コウヤマキは、世界中で絶滅したまさに生きた化石。
高野山六木(ヒノキ・スギ・モミ・ツガ・アカマツ・コウヤマキ)のひとつ、
なぜ、高野山には群生しているのか、高野山大学の方に聞いてみました。


昔は、全国にあったコウヤマキは、建材として使われたりして絶えてしまった。
高野山は、聖地となり、いまでも私有地がなく、木を切ってはいけないとされている。
標高が高いのでもともと針葉樹が多く、800年前とかわらない六木が今でもある、とのことでした。

奥の院へと続く道には、思わず息をのむ針葉樹の森が広がっていました。








外国人に学ぶ針葉樹の美しさ


仕事柄、海外の方とお話することが多い。日本人は聞かないようなことを聞かれたりする。当たり前にそこにあるものについて、深く考えるきっかけをもらった。

「まっすぐに伸びる木を初めて見た。」

針葉樹が素晴らしく美しいと釘付けのフランス人。


人工林のスギ・ヒノキは花粉症になるばかりで、田舎じゃ植えたはいいけど搬出もできないやっかいものだったりする。

でもそれが、独特の景観を作っていたり、自然と人が生きた接点だったり、森林セラピーとして重宝されていたり。
そしてなにより、まっすぐにのびる木は美しい。

広葉樹は広葉樹のいいところがあって、針葉樹にもそれぞれ役割がある。


森という字は、よくみると、上には横に長い木が、左下には縦長の木、そして右下の木は、正方形。それぞれ育つ環境が違う木がそれぞれの個性を表現して森になるのだそう。

広葉樹の森が好きだったけど、どこまでもまっすぐに伸びる針葉樹が美しいと思えた。




空気を読むということ。


日本社会では、空気の読めないやつはKYだと言われる。
ひたすら型に押し込めて、背の高さを合わせて、標準値からはずれないように。
流通の都合にあうように、箱のサイズにきっちり野菜を育てることが美とされる。
長過ぎたり、短すぎたりすると、規格外で値がつかない。


でも、森の木や自然は、そんな基準なんておかまいなしに自分が生きる基準をつくってる。


大きな木の幹を住処にするラン。
よりかかってよじ上っていくツタ。
この植物はどう生きたいのか。

それぞれの個性的な生き方がおもしろい。





空気を読むことが美徳とされる世界よりも、空気を読まなくてもよい空気が私は好きだ。


今年、10年勤めた仕事を辞めた。大きな機械のねじをつくるよりも、小さくても真っ白なキャンパスに絵を描いてみたかった。

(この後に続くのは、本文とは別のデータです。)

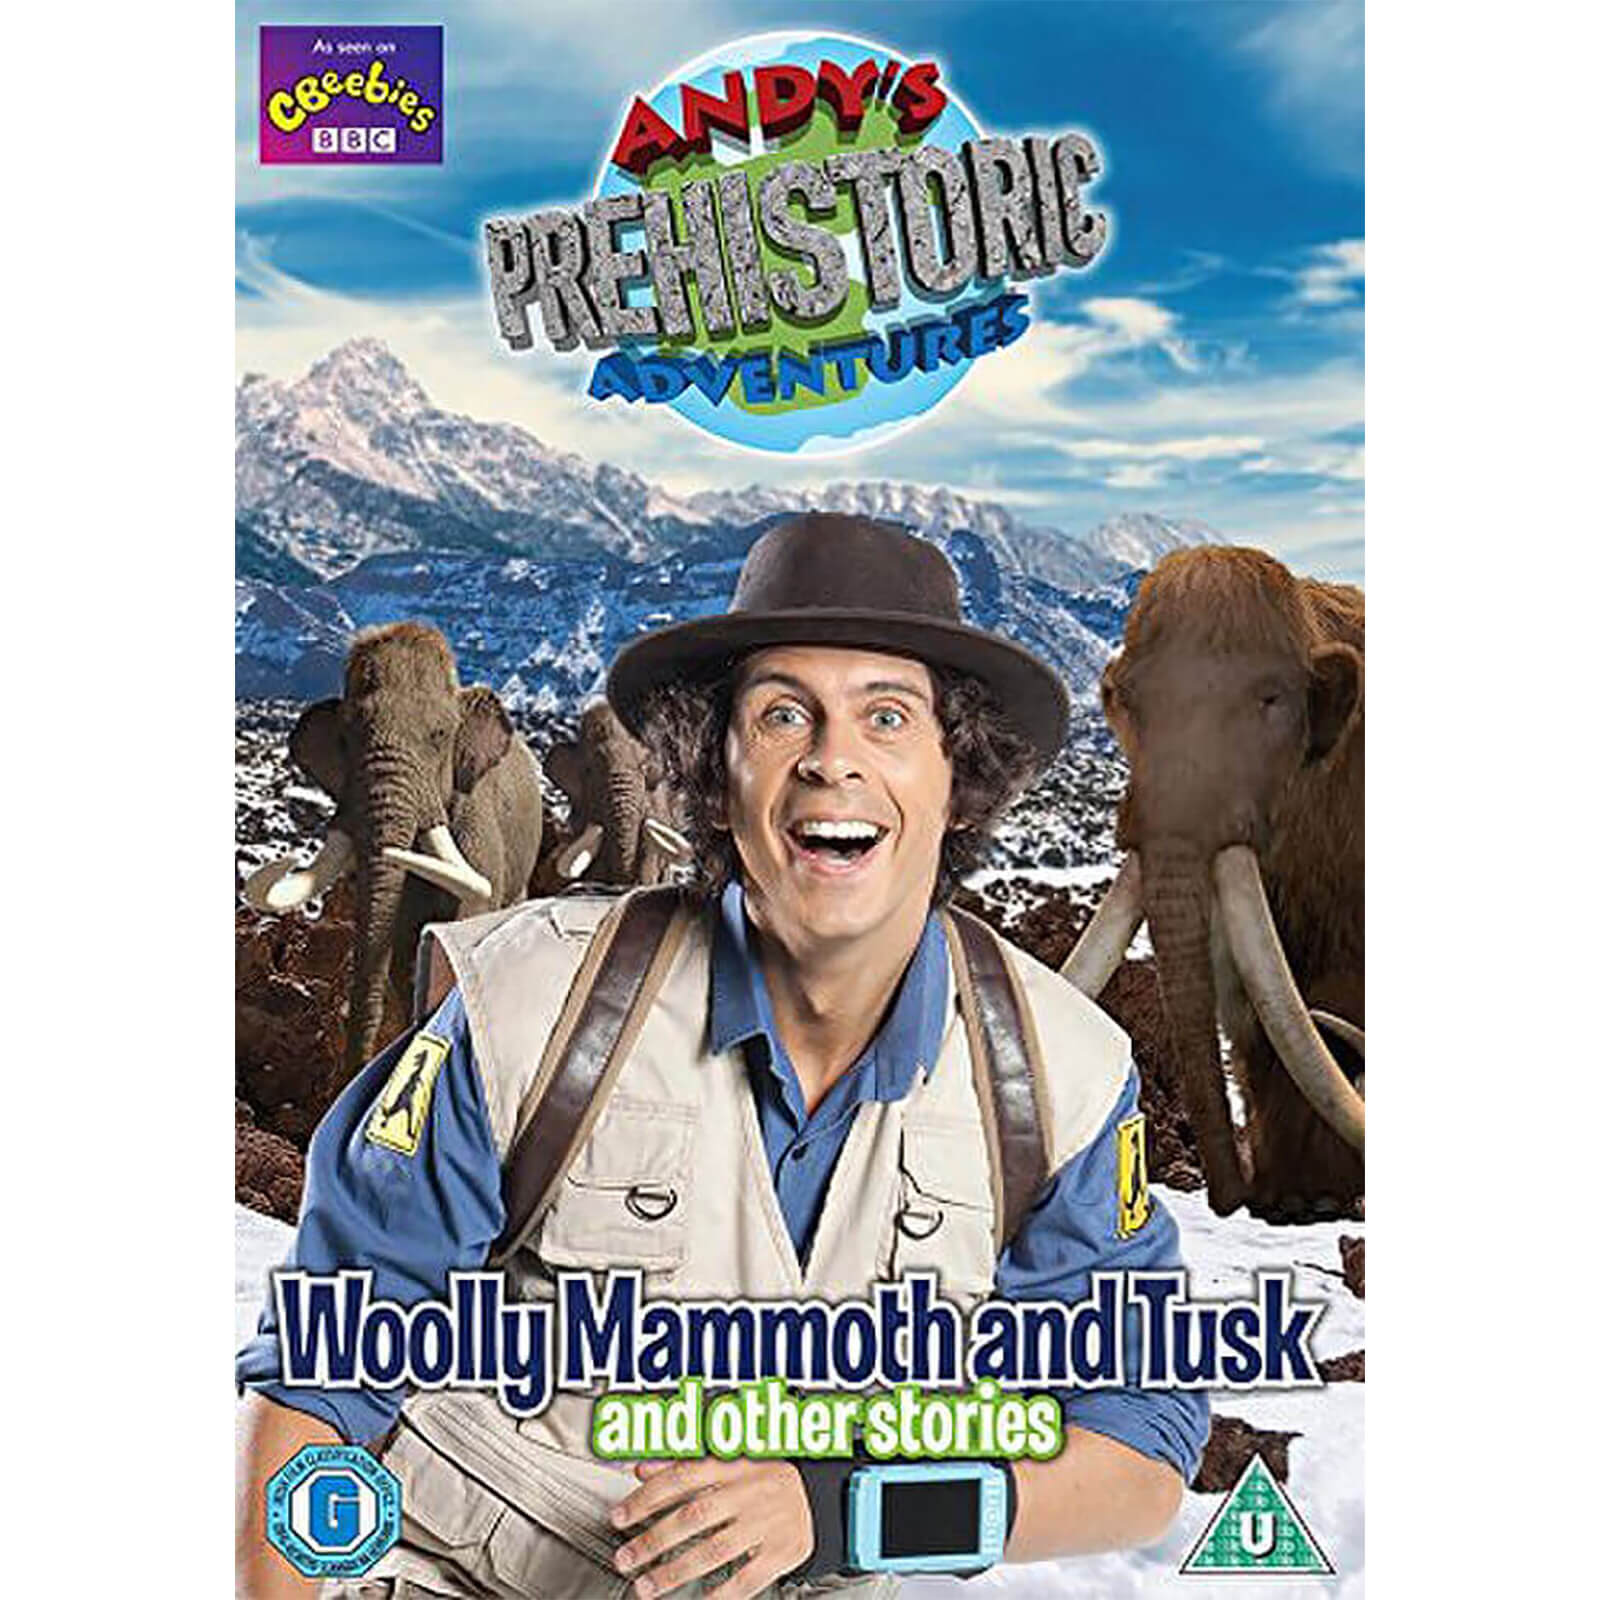 Andy's Prehistoric Adventures - Woolly Mammoth and Tusk von Dazzler

オランダをはじめ、海外の生活では、ひとりひとりが何かのスペシャリストであるように求められた。人がどういっているかではなく、前例がどうだったかではなく、自分はどうしたいのかが問われた。
だけど、日本に帰って来たとき、自分の領域がなかった。規格に前例に縛られ、箱に押し込められるのが息苦しかった。

ちっちゃなことかもしれないけれど、自分にとっては大きな転機だった。
でも、やめてみたら、やっぱりちっちゃなことだった。

「よく清水の舞台から飛び降りたね」と昔を知る仲間からは多々言われる。
でも、飛び降りたという感覚はない。
むしろ、飛び立ったのだと思っている。

合わせなくてもよいのだよ、自分は自分でよいのだよ。
コウヤマキが語りかける自分であるということ。

この高野山の空気が清々しい。



今日は長くなりました。

高野山大学にて。すこし、密教のことを勉強して来ました。

民俗学をやっていると、自然観と民俗の生業、そして植物のこと、食のこと、いろんなことが信仰が起源になっていることがおおい。

宿坊の方や高野山大学の方にはいろんなことを教えていただきました。
この間、いろんな旅をしてきて、見て来たことをちょっとづつ、書いていけたらなあと思う。